Breast CancerThis news may prove to be extremely beneficial to the fairer sex. A study claims that magnetic resonance imaging (MRI) combined with mammography could diagnose nearly all cancers at an initial stage, thus decreasing the frequency of advanced stage breast cancer in high-risk women.

The experts included around 1,275 women at high risk for breast cancer in the study. They divided these women in two groups. One group was apparently monitored with MRI as well as mammography. The second group which was the control set was supposedly given traditional screening by mammography. It was seen that the subjects appeared to have the malfunctioning BRCA1 or BRCA2 gene mutation, which is said to propose an extremely elevated lifetime danger of developing breast cancer.

Lead researcher Ellen Warner, M.D., M.Sc., medical oncologist in the Department of Medicine, Division of Medical Oncology at Sunnybrook Health Sciences Center, in Toronto, Canada, commented, “Earlier stage breast cancers are more likely to be curable.
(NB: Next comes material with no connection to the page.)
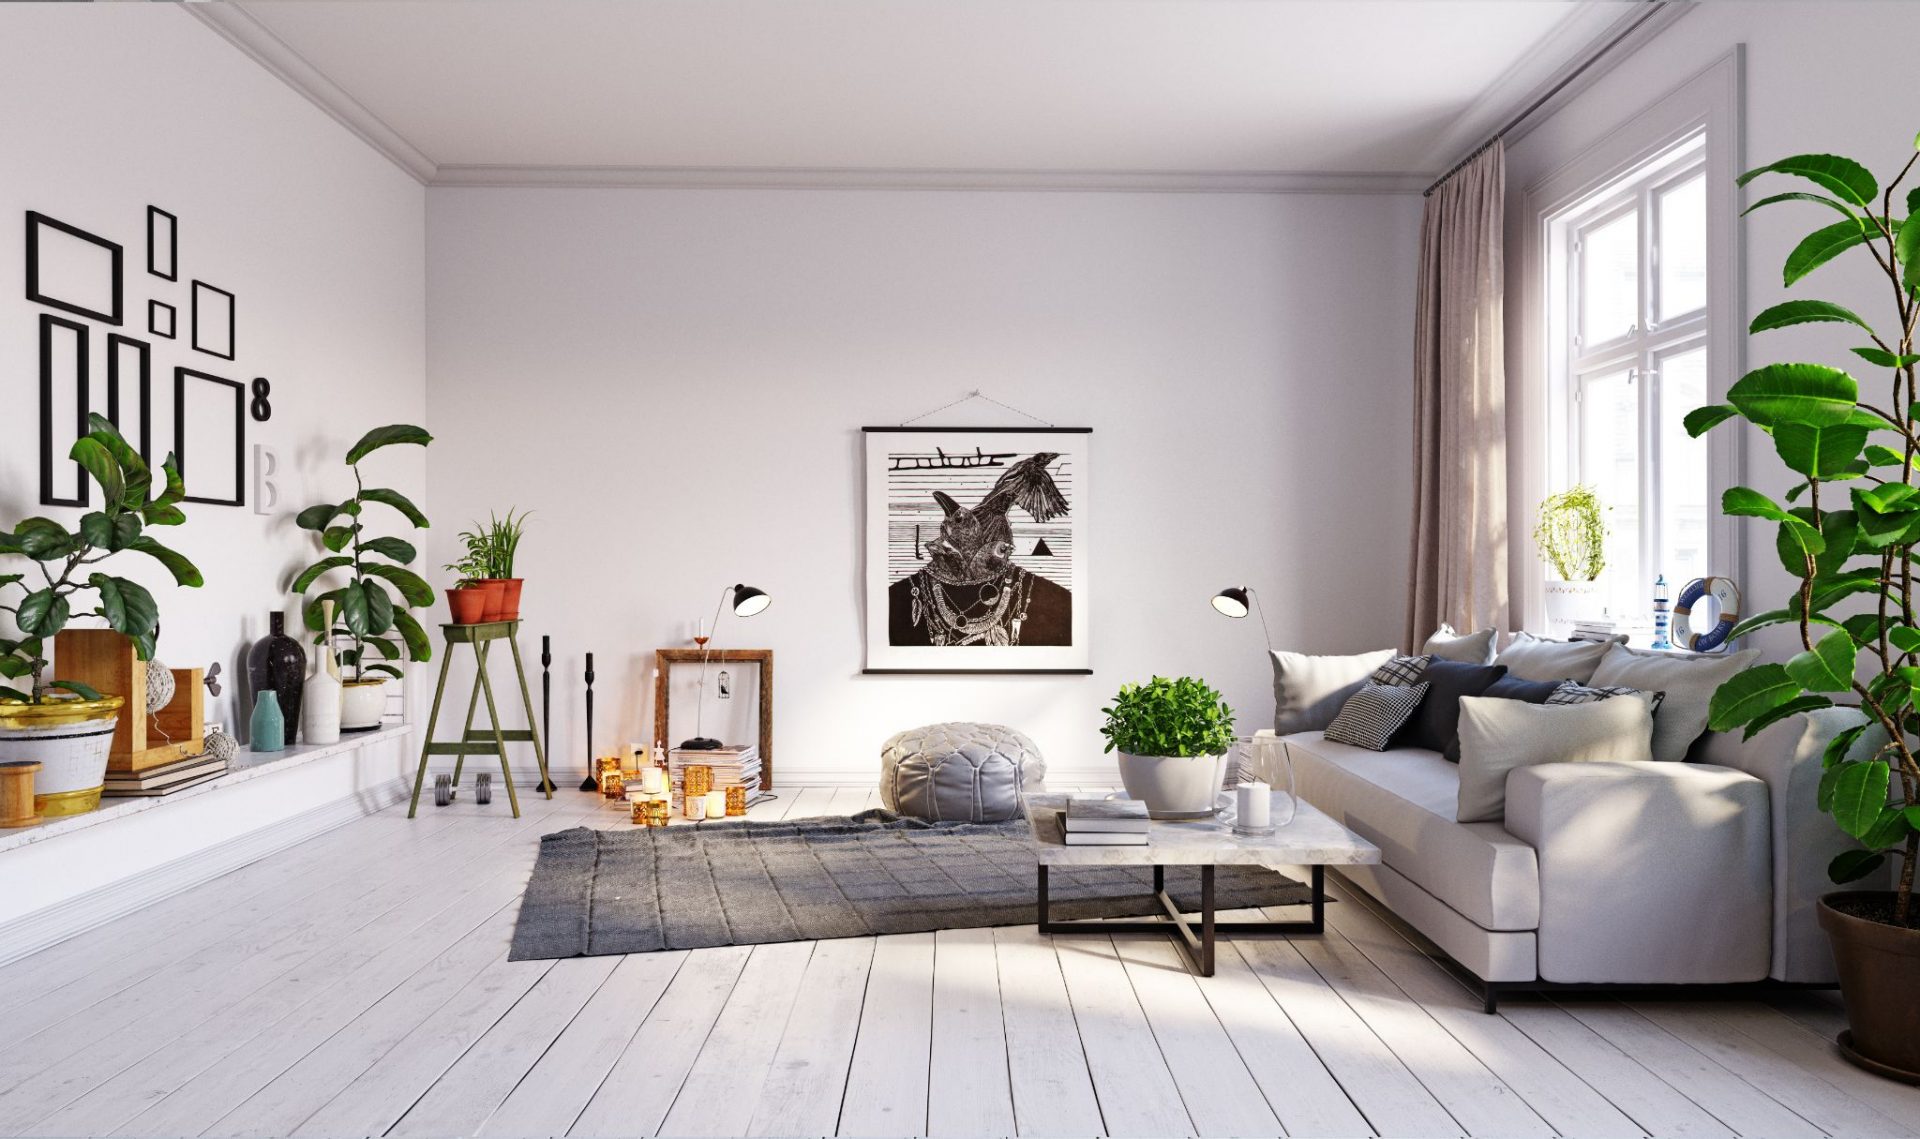 Deens Vervolgen genie How to Design a Minimalist Home | Universal Iron Doors

We can be fairly confident that if screening with MRI finds cancers at a much earlier stage, it probably also saves lives.”

Warner and colleagues apparently trailed the women for numerous years to verify which screening technique could diagnose cancer at a considerably preliminary stage.
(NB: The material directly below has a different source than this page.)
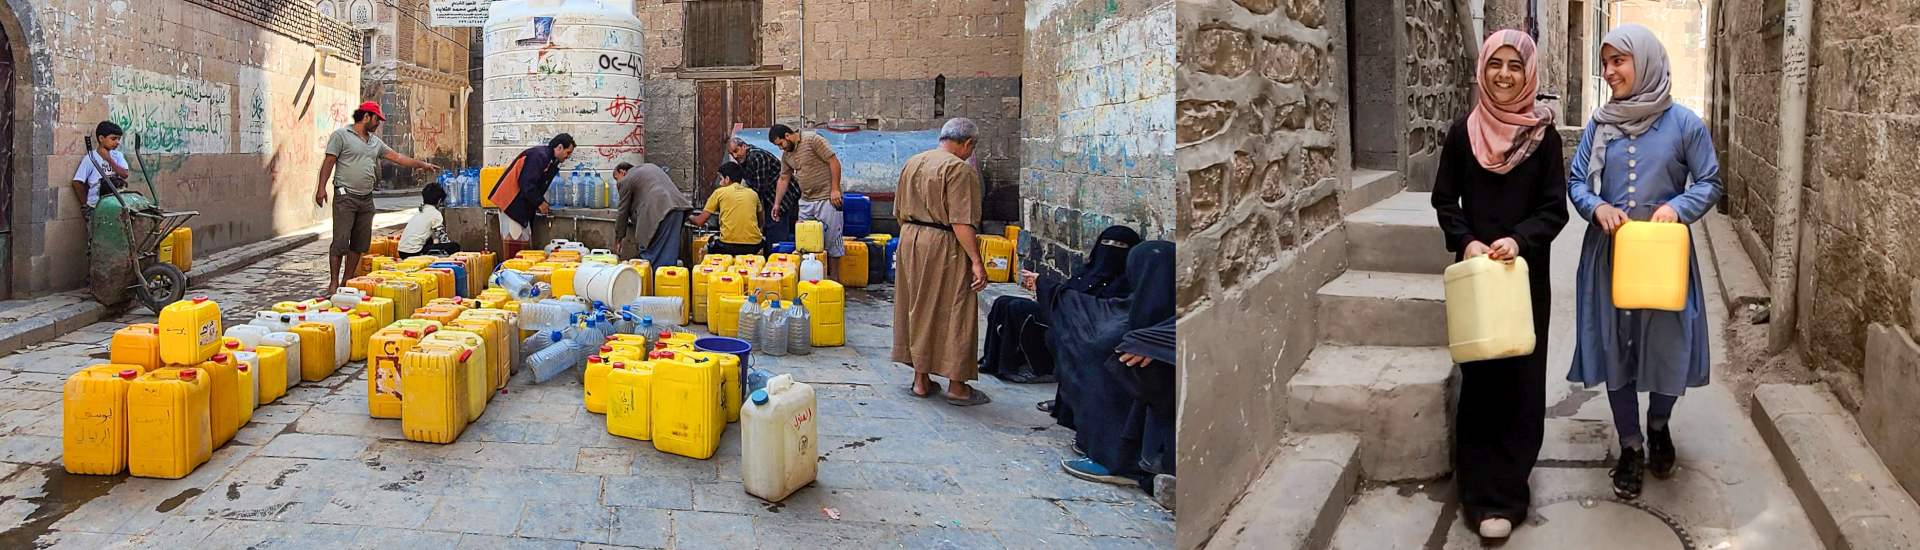 Jemen: Bessere Wasserversorgung hilft Schulkindern

It was noted that around 41 cases of breast cancer were detected in the MRI group as against the 76 diagnoses in the control group. It was also observed that there appeared to be proportionately less advanced breast cancers, and more initial cancers among women who were screened with MRI as opposed to those who were not screened with MRI.

Additionally, it was observed that in the MRI group, the cancer size was apparently smaller. The standard size of invasive cancers in the MRI group was claimed to be 0.9 cm as opposed to the 1.8 cm in the control group. The experts also noted that around 3 percent of cancers in the MRI group were bigger than 2 cm in diameter as against the 29 percent of those in the control group.

Warner concluded by mentioning that these results will hopefully convince high-risk women and their health care providers that breast screening with yearly MRI and mammography is a reasonable alternative to surgical removal of their breasts, which is commonly done to prevent breast cancer.

The study was presented at the CTRC-AACR San Antonio Breast Cancer Symposium.